Andrus' clock toward free agency is ticking -- he is represented by Scott Boras, who generally prefers his clients to determine their values on the open market rather than through club-friendly contract extensions. Maybe Andrus will be an exception, a Boras client who decides to stay put. But the best guess is that after 2014, he's a goner.
And Upton, if the Rangers could get him, would be awfully attractive.
As the team's new No. 3 hitter. As part of a future offensive core with Profar and infielder Mike Olt. And as a player who would enable the Rangers to trade right fielder Nelson Cruz entering his free-agent year.
Obviously, Upton also makes sense for a number of other teams: the New York Yankees, Boston Red Sox, Tampa Bay Rays, Washington Nationals and Philadelphia Phillies, to name a few. But perhaps only the Rays, with their impressive stable of starting pitchers, could offer a player as tempting as Andrus.
On one hand, trading Andrus would leave the Rangers awfully young up the middle if they went with Profar at short and Leonys Martin in center. On the other hand, keeping Andrus would force the Rangers into a different set of hard decisions.

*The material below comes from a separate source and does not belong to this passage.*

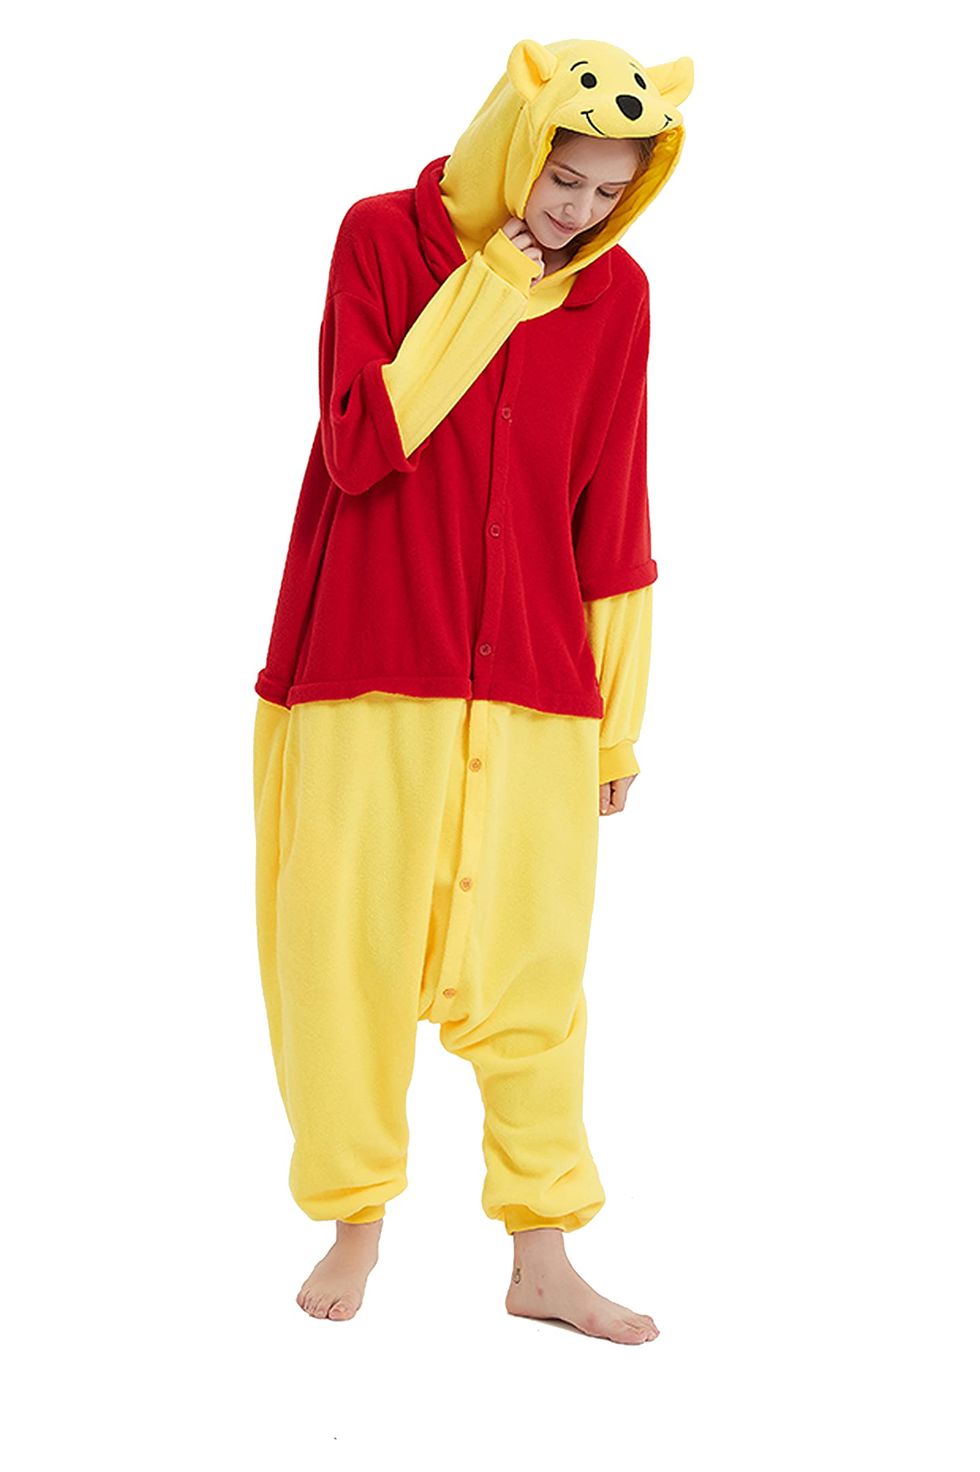 'Winnie the Pooh' Halloween Costumes

Profar has nothing left to prove in the minors (and really, neither does Olt, who is blocked by Adrian Beltre at third and could end at first or in right). But if the Rangers stuck Profar at second and Kinsler in left, they would lack an obvious opening for a new No. 3 hitter.
They could sign free agents at other positions -- one of the center fielders perhaps, or first baseman Adam LaRoche. They also could move Kinsler to first and pursue a corner outfielder, but then Mitch Moreland would be squeezed, and so would the fading Michael Young.

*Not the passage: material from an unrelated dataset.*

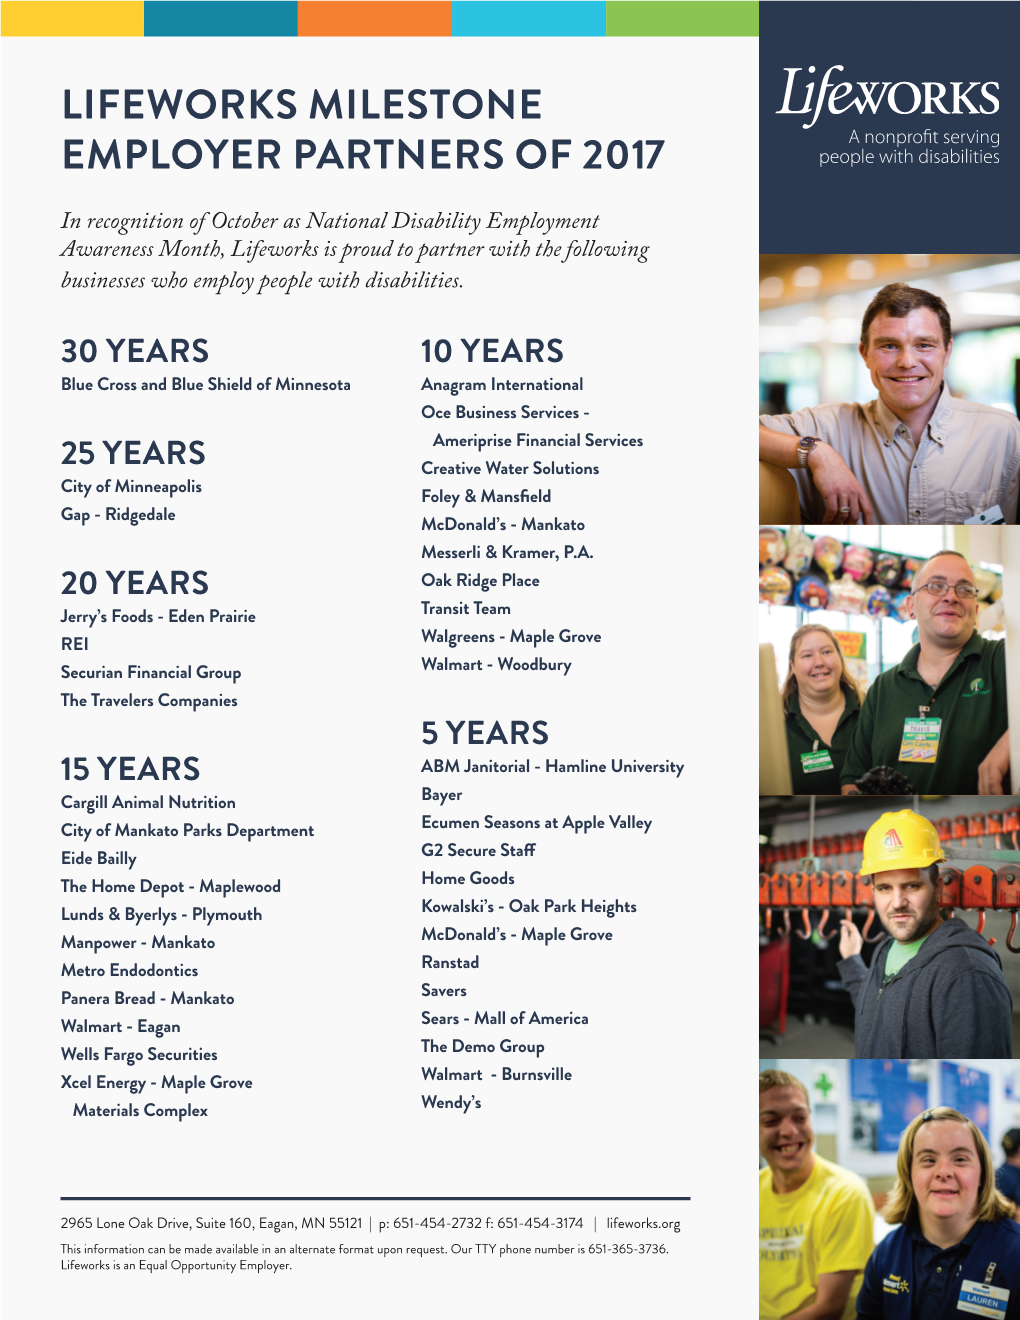 Lifeworks Milestone Employer Partners of 2017

Of course, another option would be to sign Greinke or Sanchez and load up on run prevention. The rotation then would include one of those pitchers, Yu Darvish, Matt Harrison, Derek Holland and Alexei Ogando, all of whom would be under 30 at the start of next season.
As with Upton, other teams could prevent the Rangers from achieving their goals. Many in the industry believe if the Los Angeles Dodgers want Grienke, they'll get Greinke, unless the prized righty is determined to stay with the Los Angeles Angels.
The point is this: The Rangers can go in any number of directions, all of them intriguing, none of them including Hamilton.
Independence Day is near. St. Louis survived just fine, and so will Texas.